The architecture of VGG16 is as follows:
1. The 16 in VGG16 refers to 16 weighted layers. VGG16 has thirteen convolutional layers, five Max Pooling layers, and three Dense layers in total, for a total of 21 layers, but only sixteen weight layers, i.e., learnable parameters layers.
2. The input tensor size for VGG16 is 224, 244 with three RGB channels.
3. The most distinctive feature of VGG16 is that, rather than having a large number of hyper-parameters, they focused on having convolution layers of 3x3 filter with stride 1 and always used the same padding and max pool layer of 2x2 filter with stride 2.
4. The convolution and max pool layers are arranged consistently throughout the architecture.
5. Conv-1 Layer has 64 filters, Conv-2 Layer has 128 filters, Conv-3 Layer has 256 filters, and Conv 4 and Conv 5 Layers have 512 filters.
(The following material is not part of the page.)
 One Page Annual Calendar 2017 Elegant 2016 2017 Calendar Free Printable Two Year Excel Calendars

6. Following a stack of convolutional layers, three Fully-Connected (FC) layers are added: the first two have 4096 channels each, while the third performs 1000-way ILSVRC classification and thus has 1000 channels (one for each class). The soft-max layer is the final layer.
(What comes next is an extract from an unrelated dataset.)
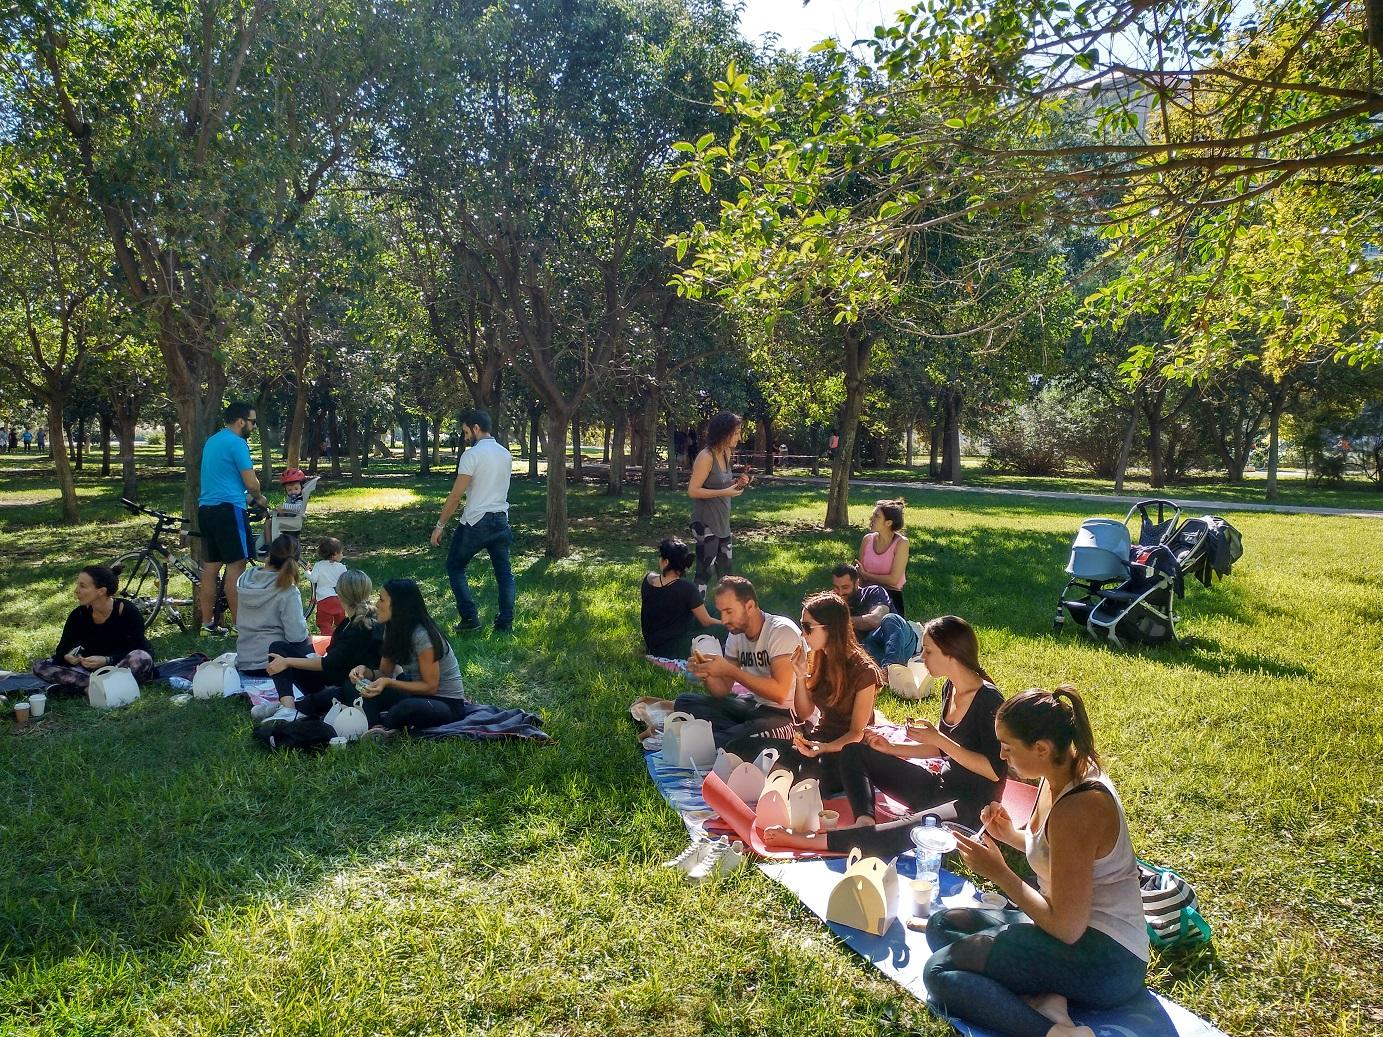 Yoga & picnic

In this project, we are using Google Collab IDE with Python version 3.9.In our IDE we need to install certain libraries like :
pip install tensorflow
pip install numpy
pip install Pillow
pip install matplotlib
Let's import all the required libraries which we installed earlier.
import matplotlib.pyplot as plt import numpy as np import PIL import tensorflow as tf import pathlib from tensorflow.keras import layers from tensorflow.keras.models import Sequential from tensorflow.keras.applications.vgg16 import VGG16 from tensorflow.keras.applications.vgg16 import preprocess_input import glob from tensorflow.keras.layers import Input, Lambda, Dense, Flatten,GlobalAveragePooling2D,MaxPooling2D,Dropout from tensorflow.keras.models import Model import os
First, we need to download the data from the below link.
When it's downloaded we need to extract Data as the data is in the form of.zip.We can unzip the data by the following command:
Here in our case data is uploaded on Google Drive. We unzip it by the following:
!unzip -q '/content/drive/MyDrive/archive (2).zip'
After extraction, we need to use the path where data is extracted.
Let’s check the number of folders & total no images inside our data directory.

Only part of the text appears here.